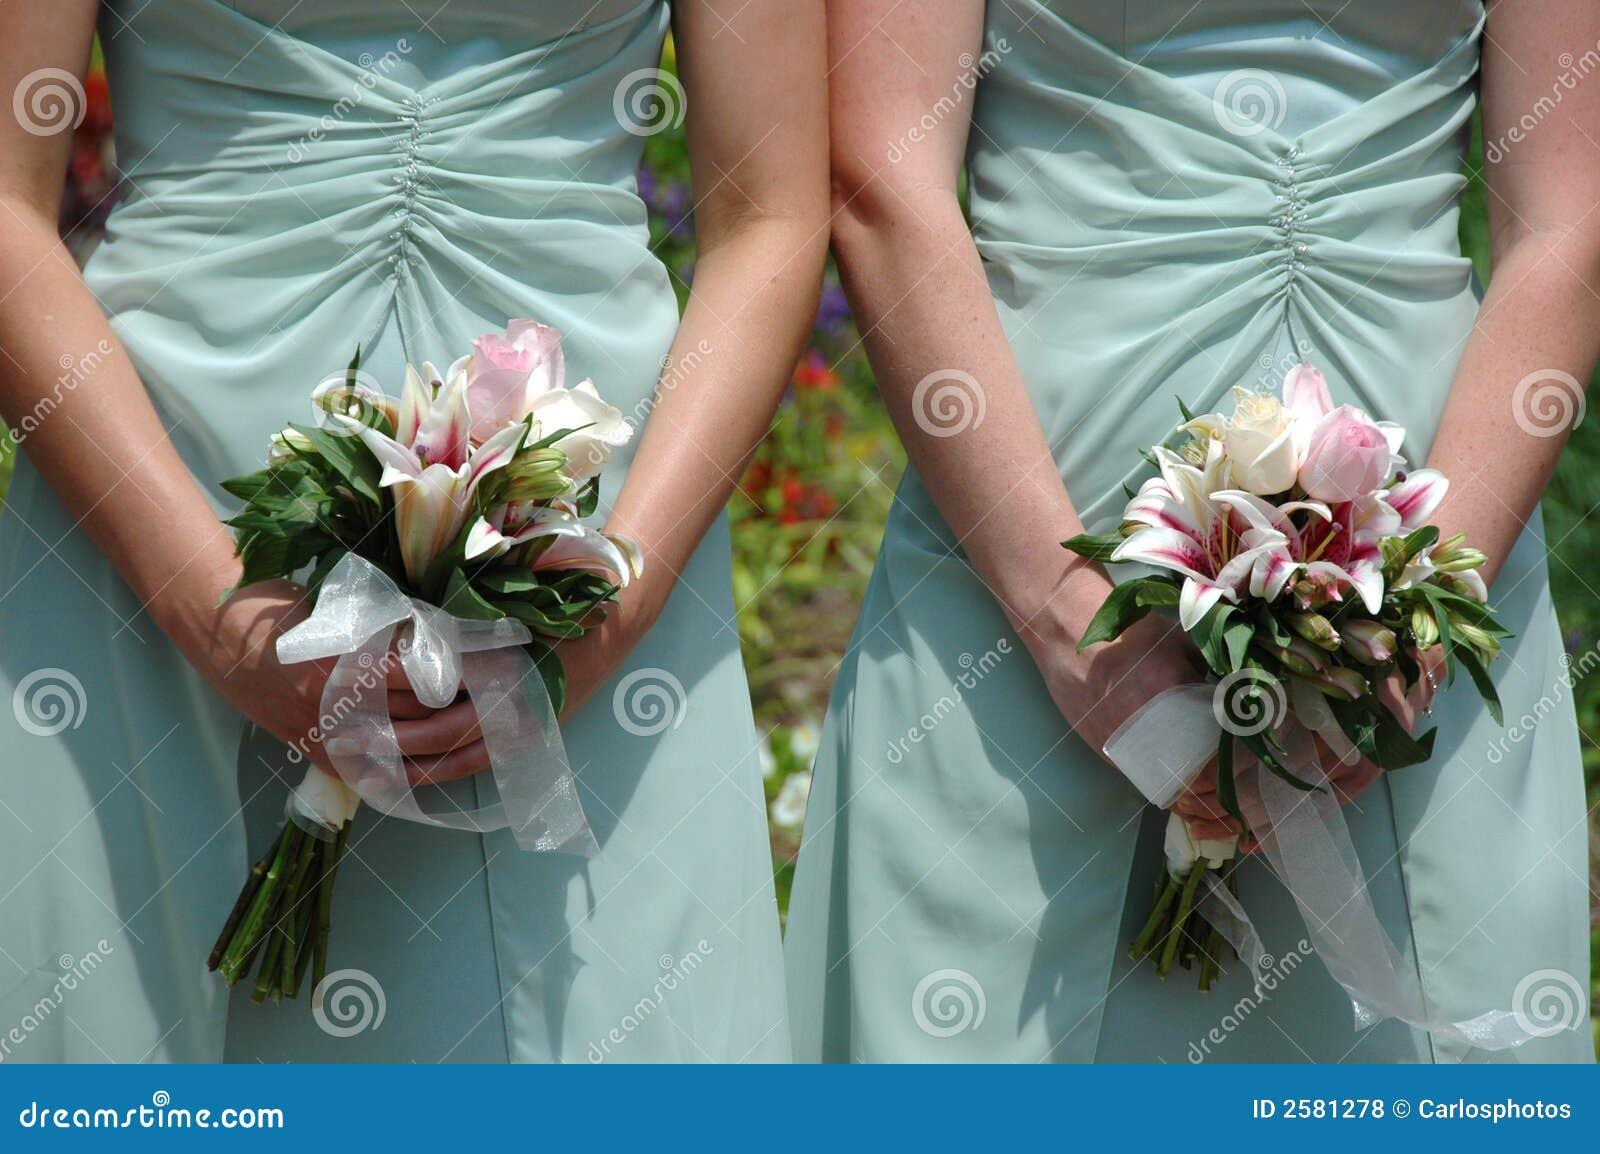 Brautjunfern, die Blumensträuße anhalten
* * *
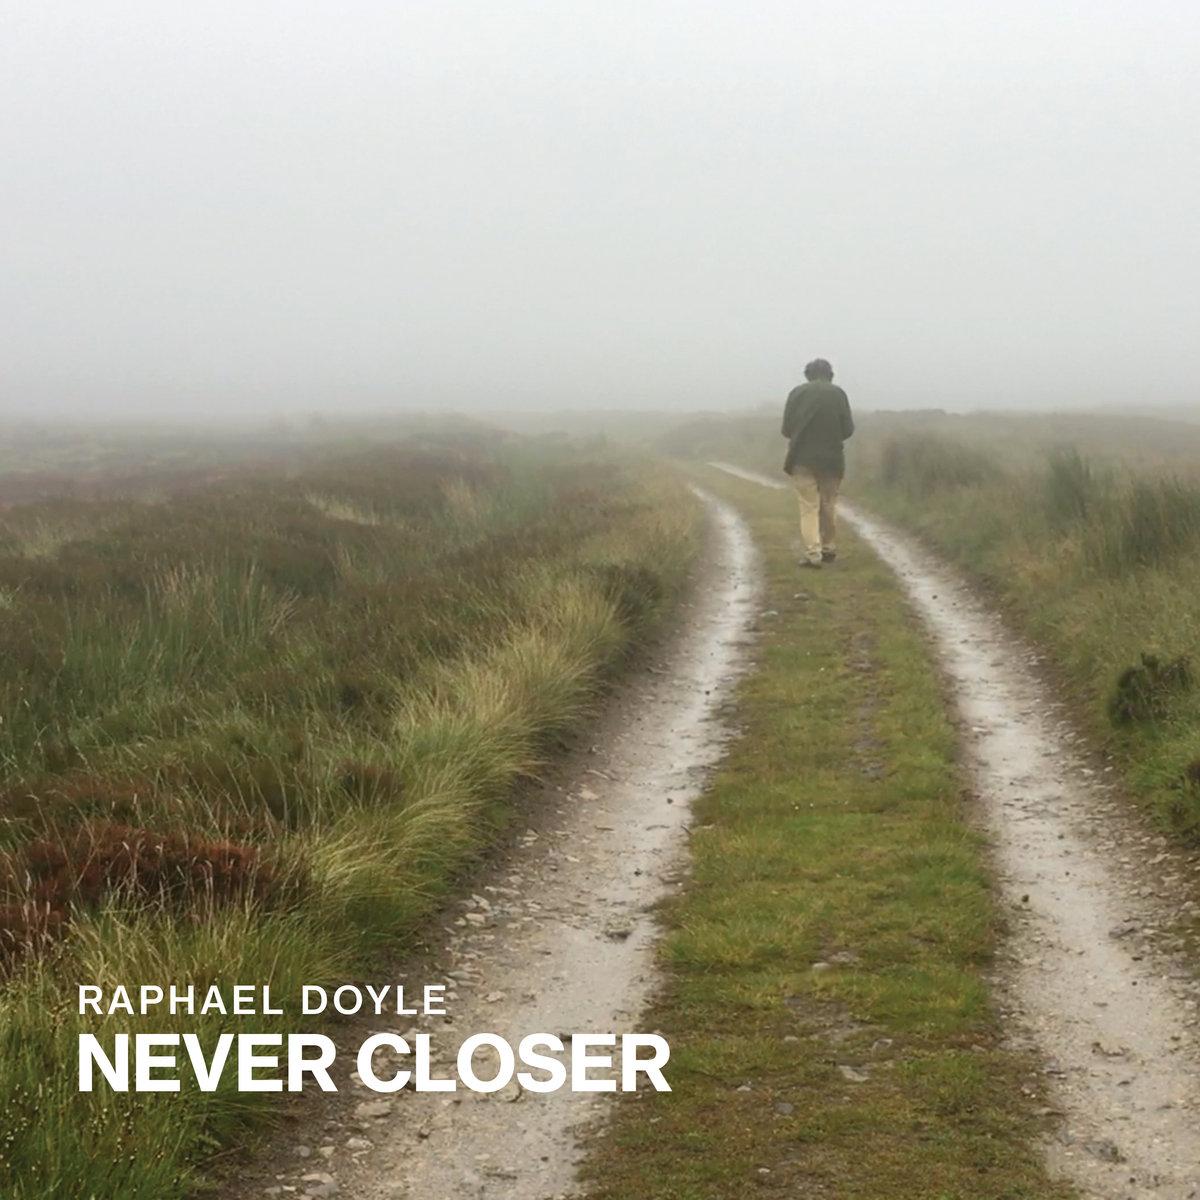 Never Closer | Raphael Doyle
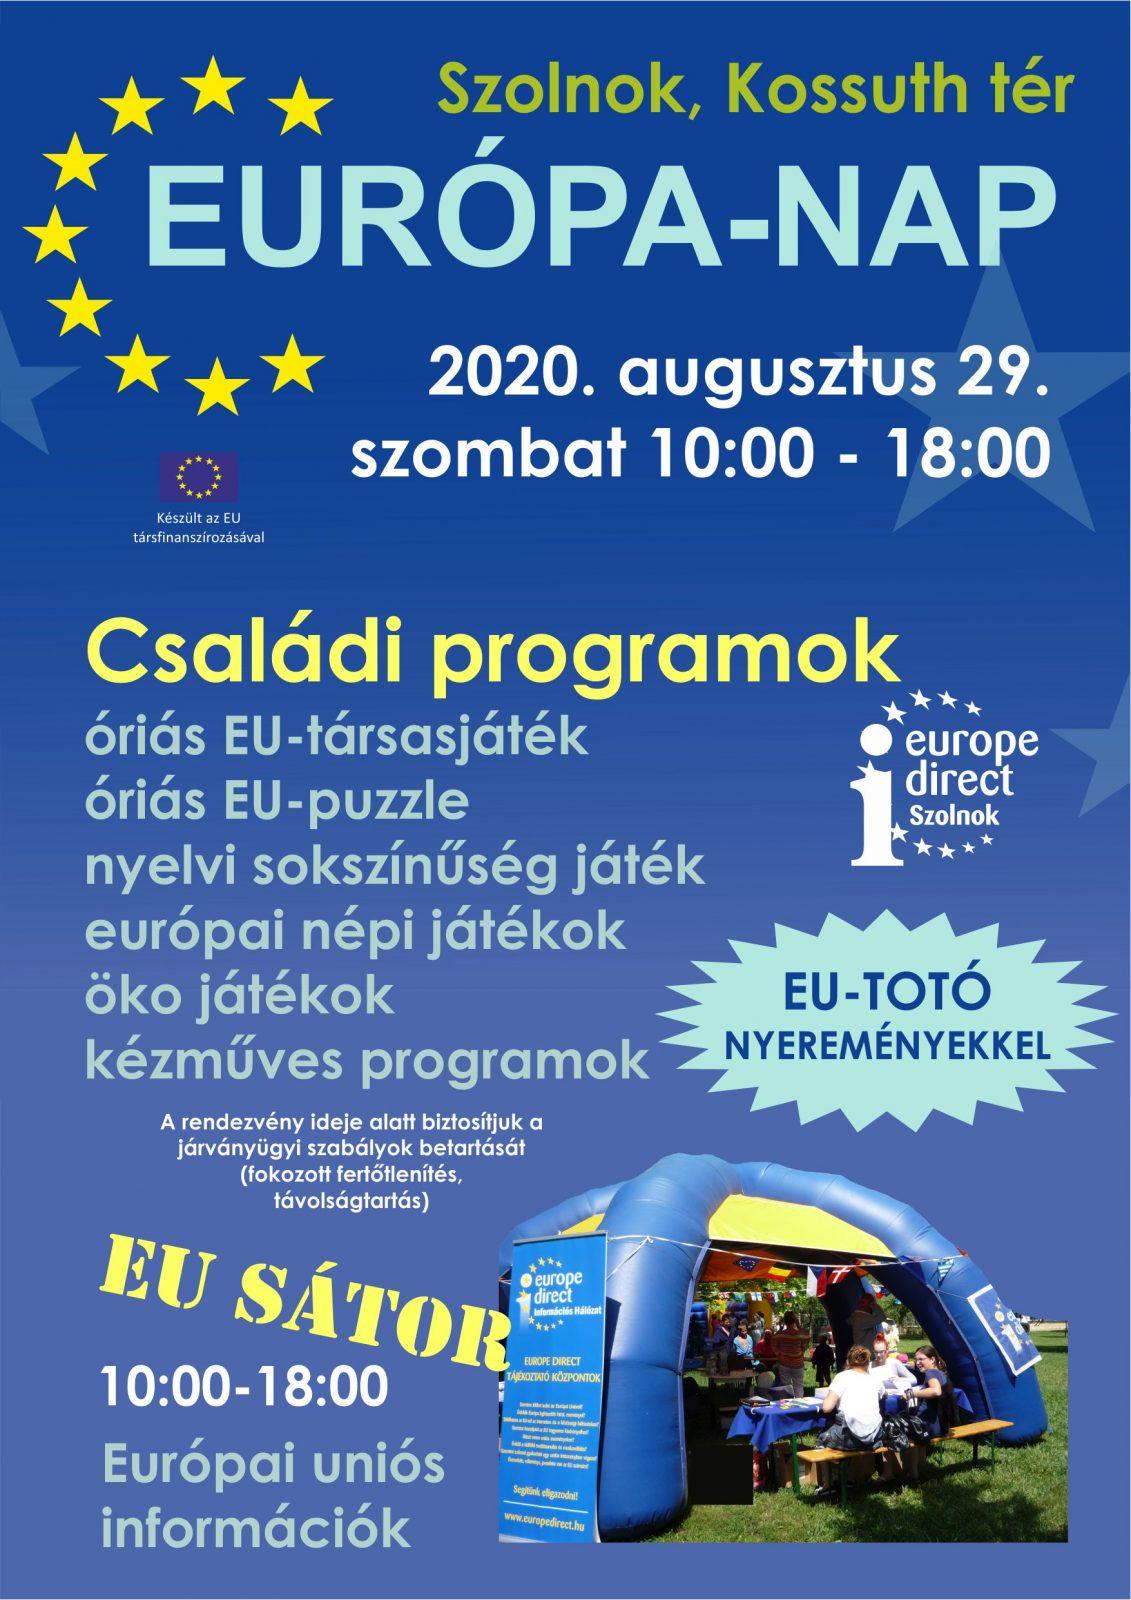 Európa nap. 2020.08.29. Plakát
==
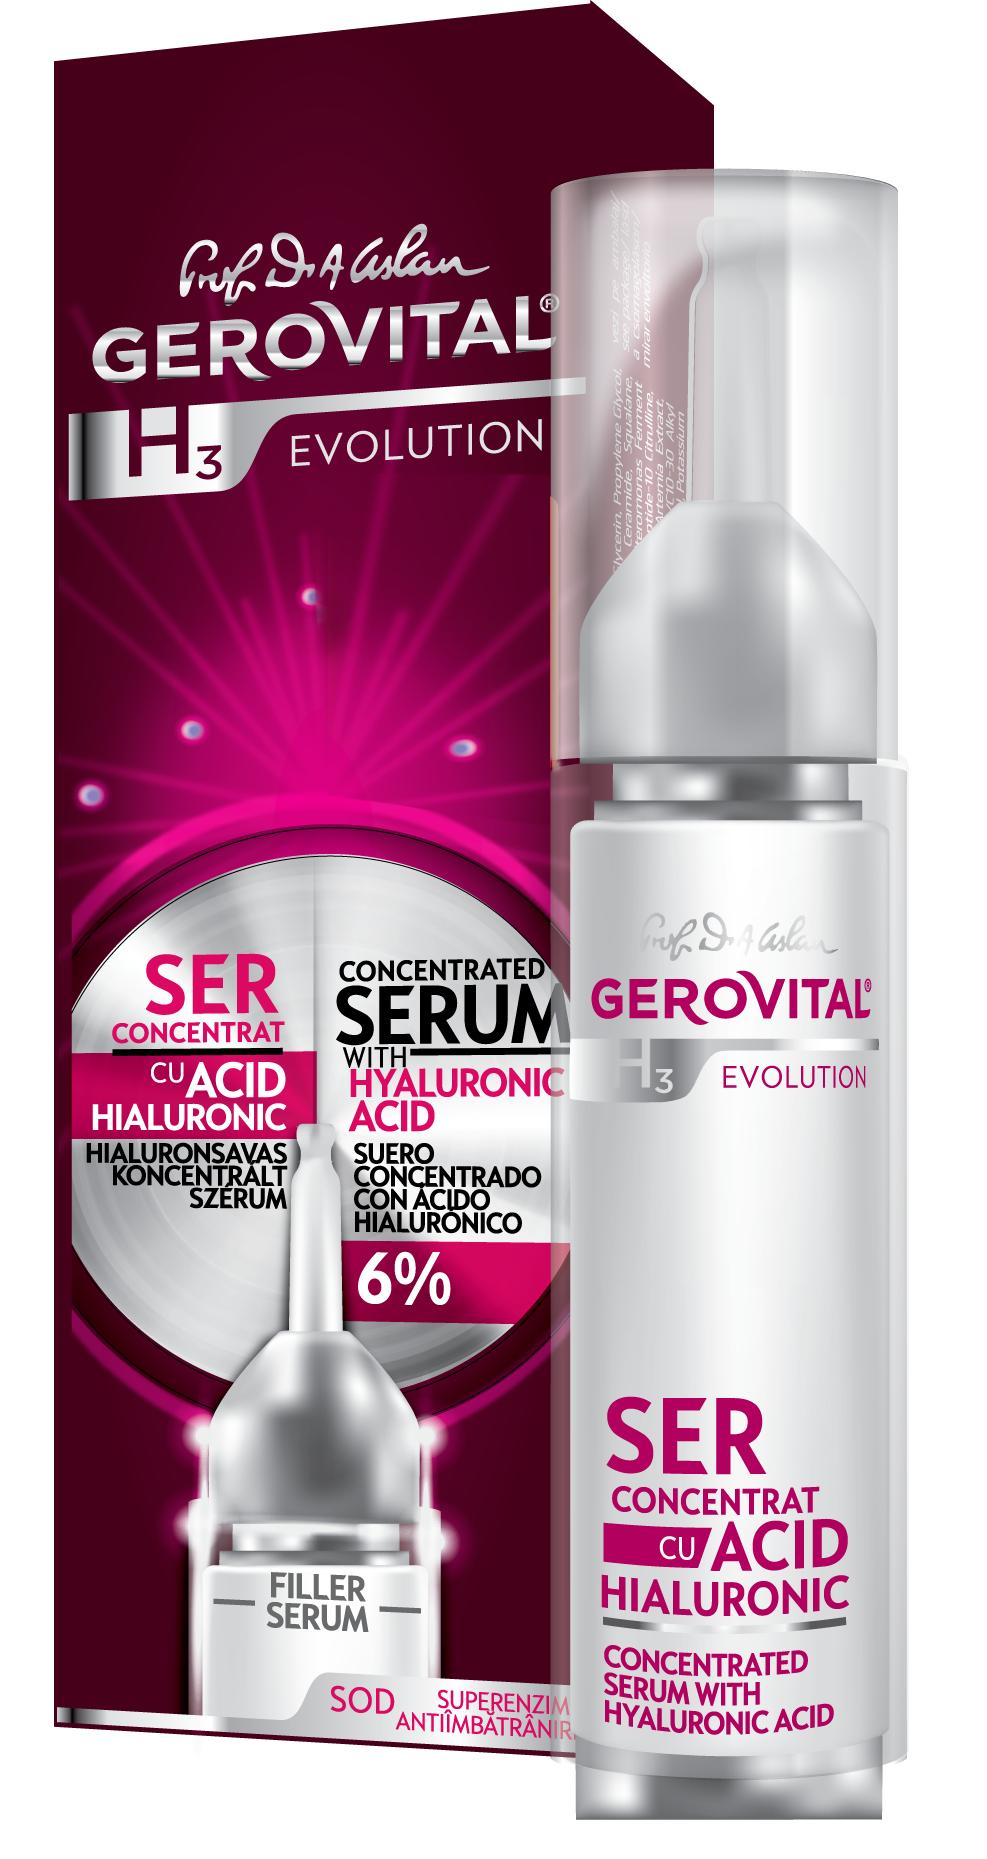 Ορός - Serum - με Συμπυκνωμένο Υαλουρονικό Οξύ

Exercise:
Lines wanted from the entries above: the one with "Never Closer | Raphael Doyle", the one with "Európa nap. 2020.08.29. Plakát", and all lines between. Please copy them exactly, without the pictures and without anything else.

Solution to this problem:
 Never Closer | Raphael Doyle
 Európa nap. 2020.08.29. Plakát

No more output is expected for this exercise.